**DATA BELOW:**
___

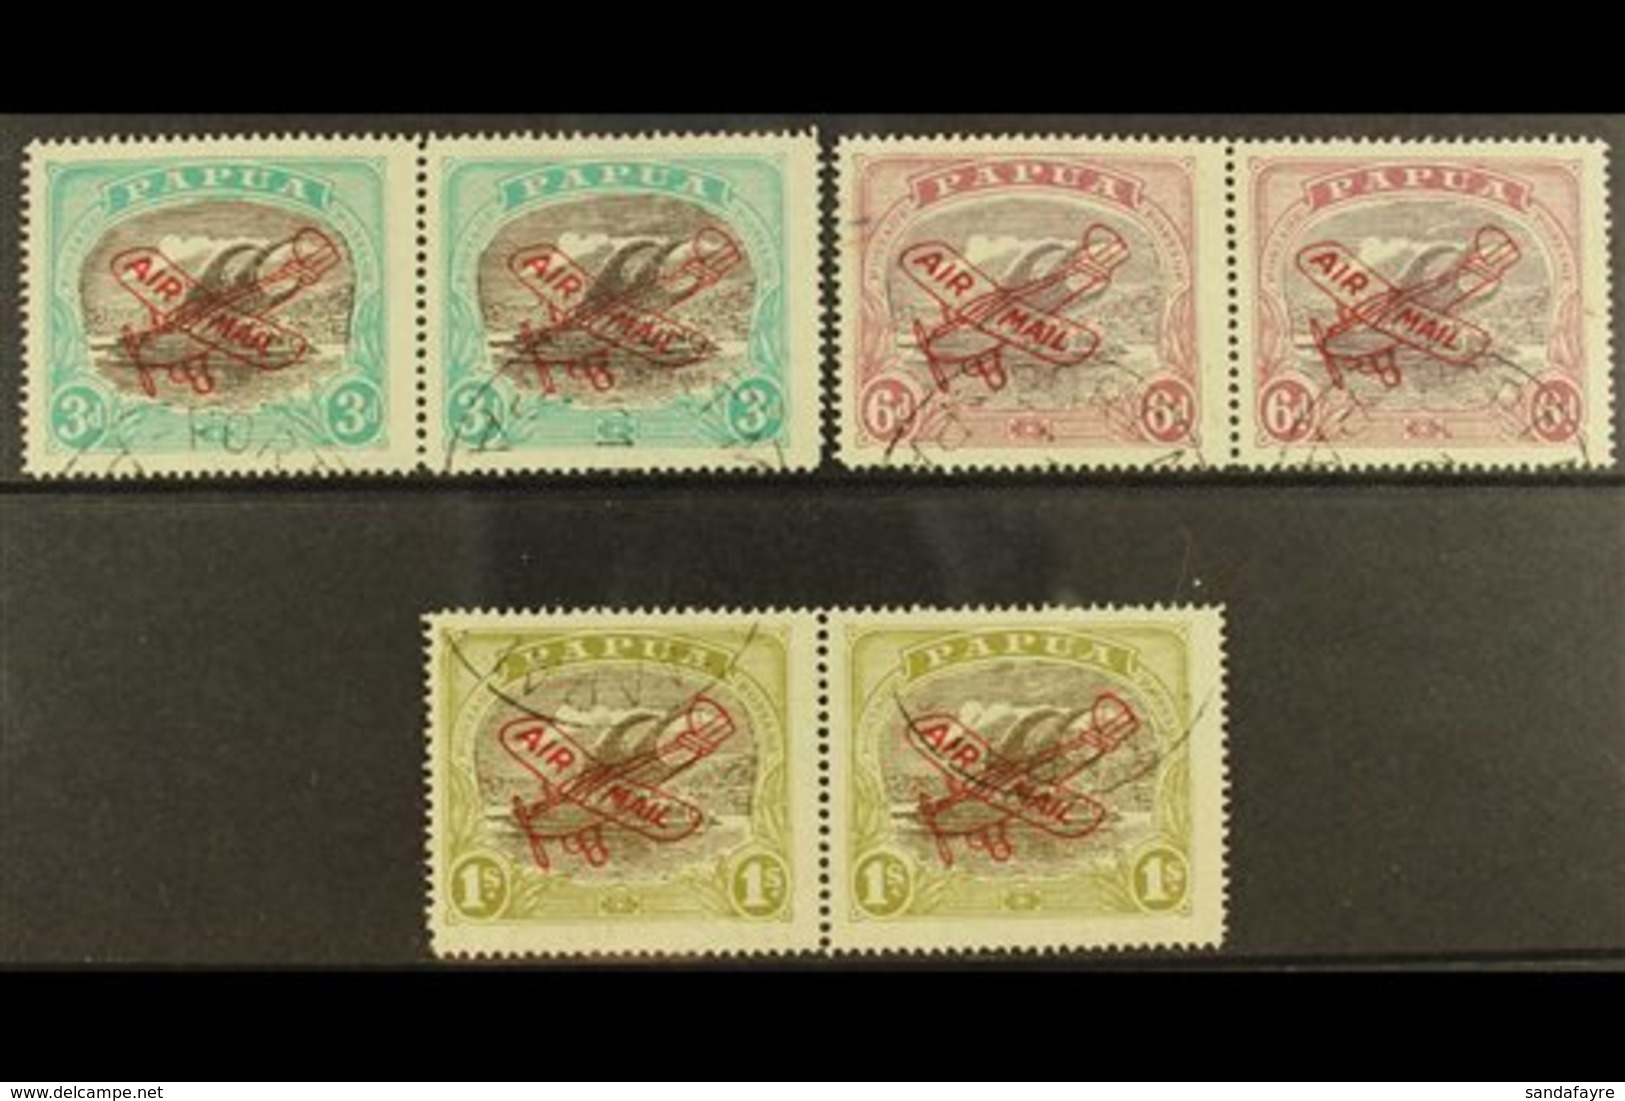 1930  Air Set, Ash Printing, SG 118-120, Each In A Horizontal Pair With One In Each Showing RIFT IN CLOUD, Fine Cds Used - Papua New Guinea
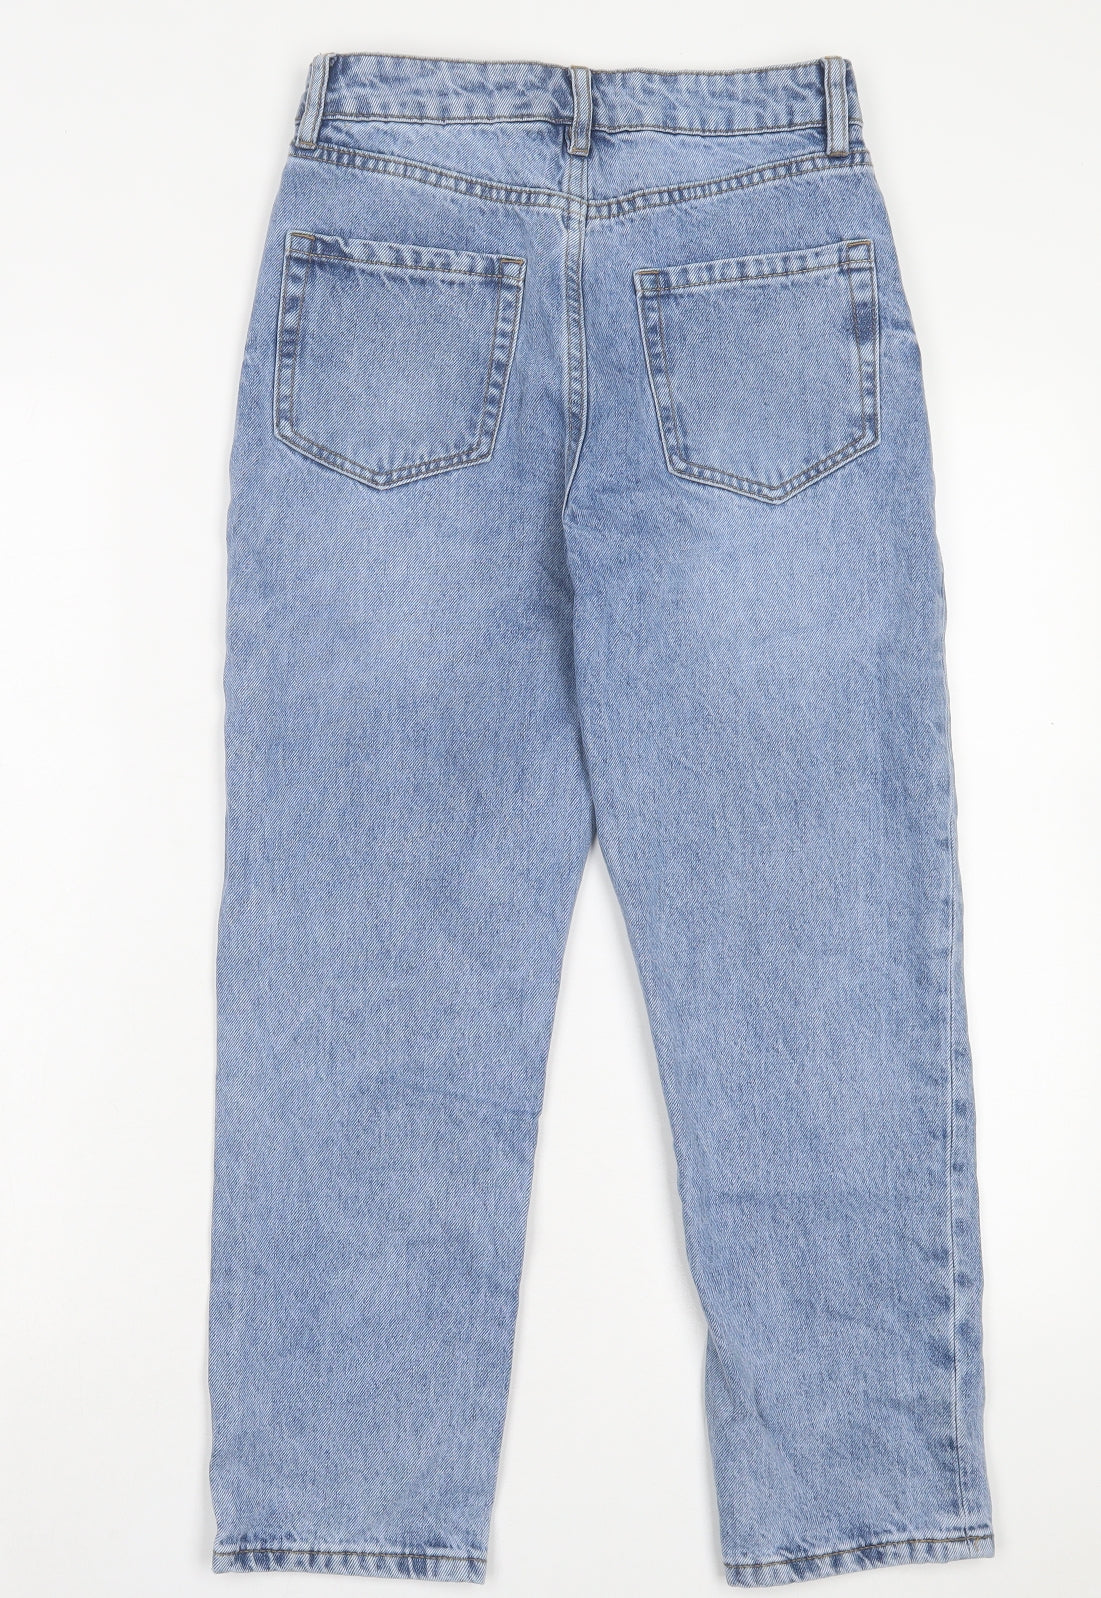 Forever New Womens Blue Cotton Straight Jeans Size 6 L25 in Regular Button
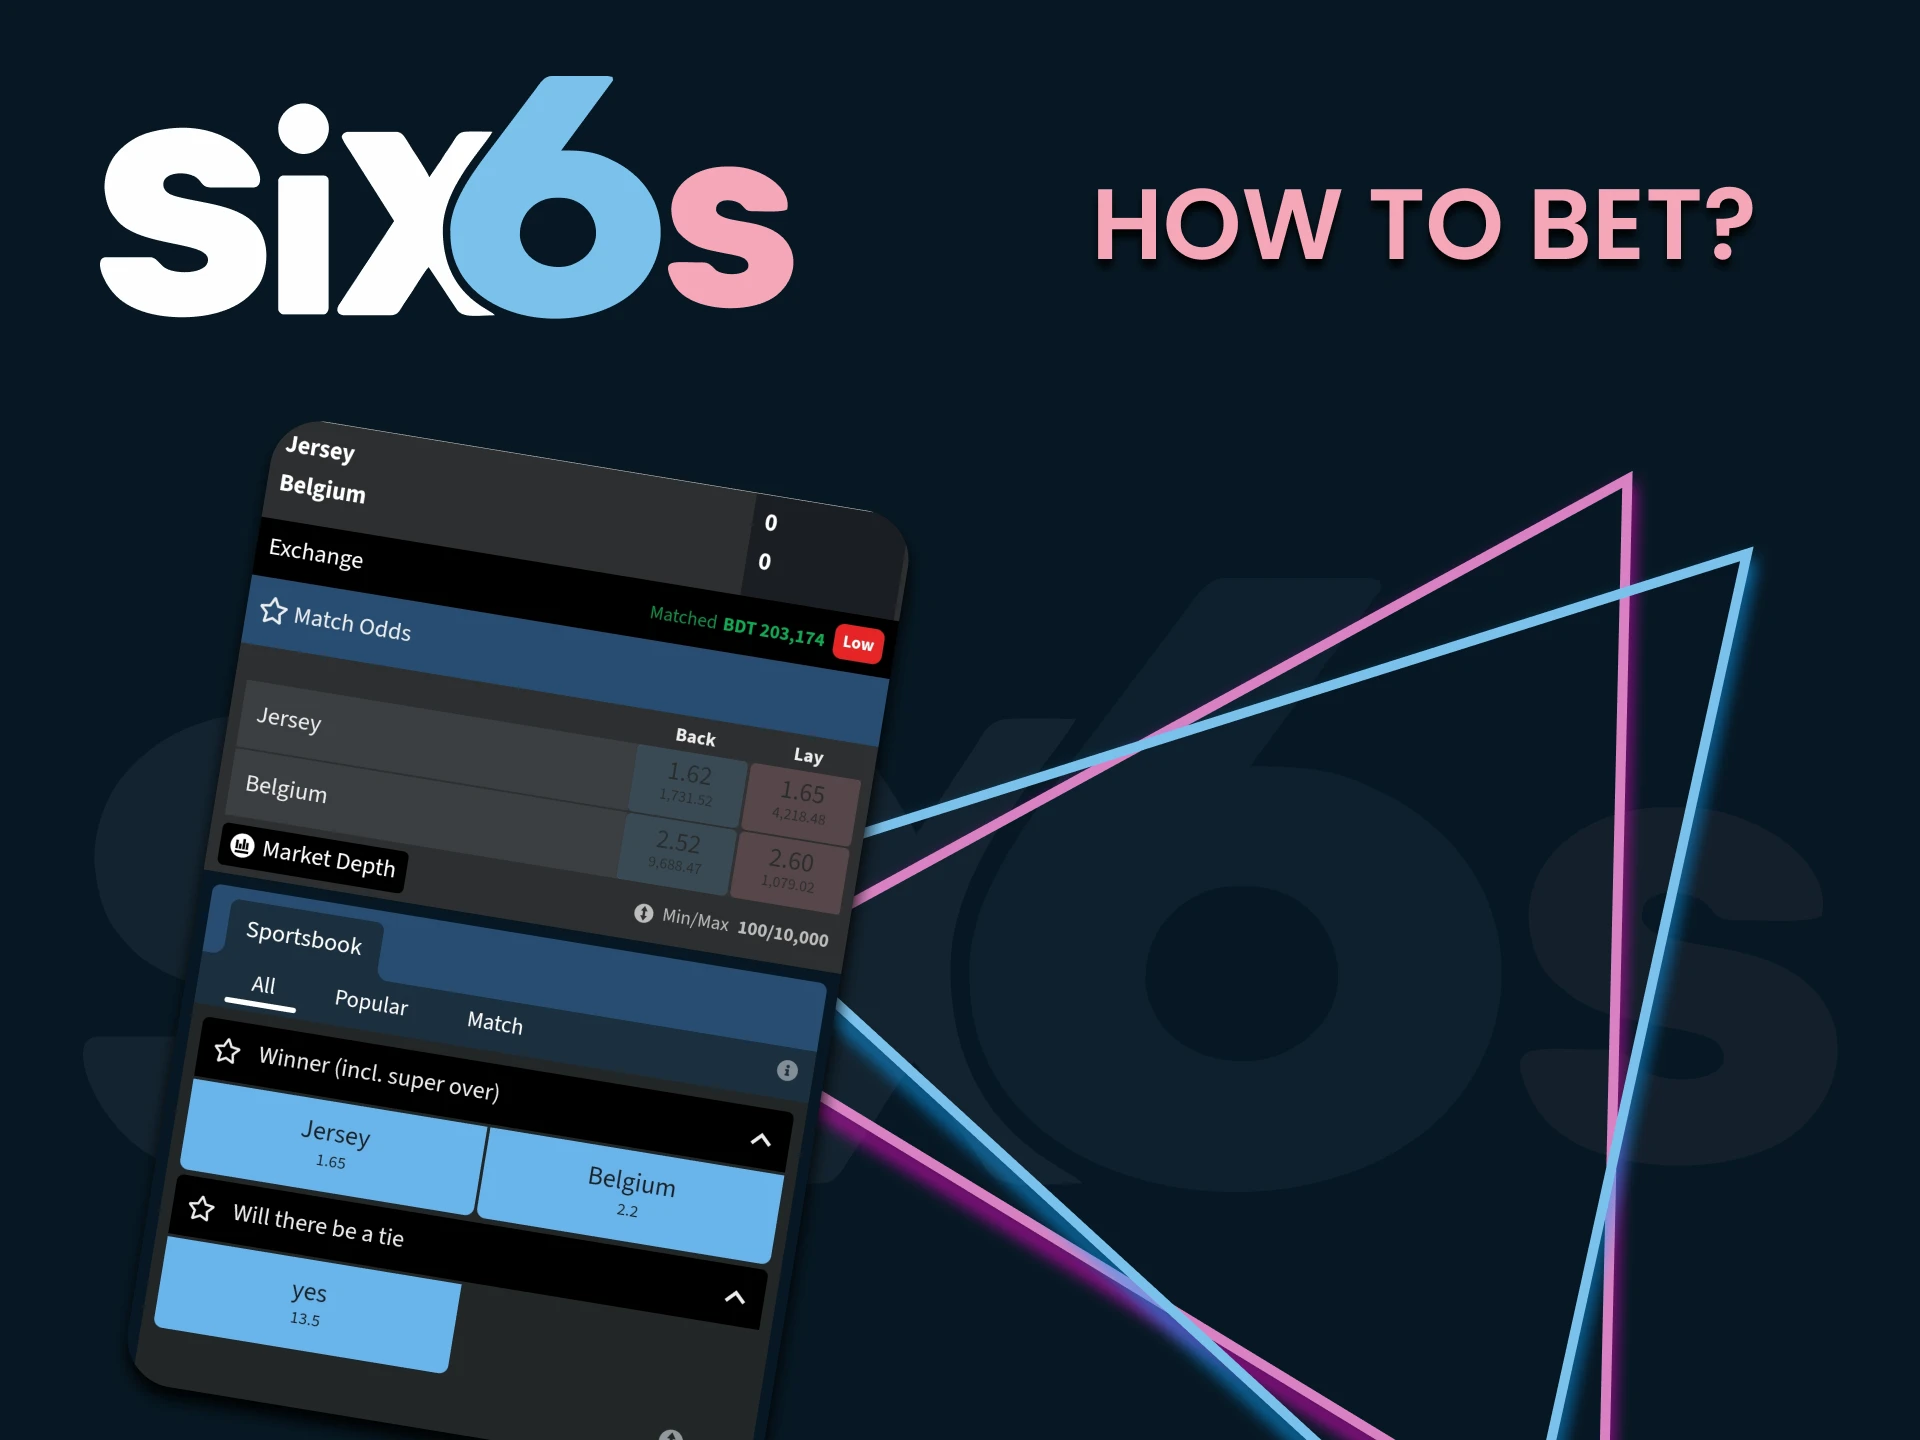 We will tell you how to start betting on cricket with Six6s.

___

**WHAT TO WORK ON:** Transcribe all data precisely. Pictures are not copied.

**SOLUTION TO THIS EXERCISE:**
 1930  Air Set, Ash Printing, SG 118-120, Each In A Horizontal Pair With One In Each Showing RIFT IN CLOUD, Fine Cds Used - Papua New Guinea
 Forever New Womens Blue Cotton Straight Jeans Size 6 L25 in Regular Button
 We will tell you how to start betting on cricket with Six6s.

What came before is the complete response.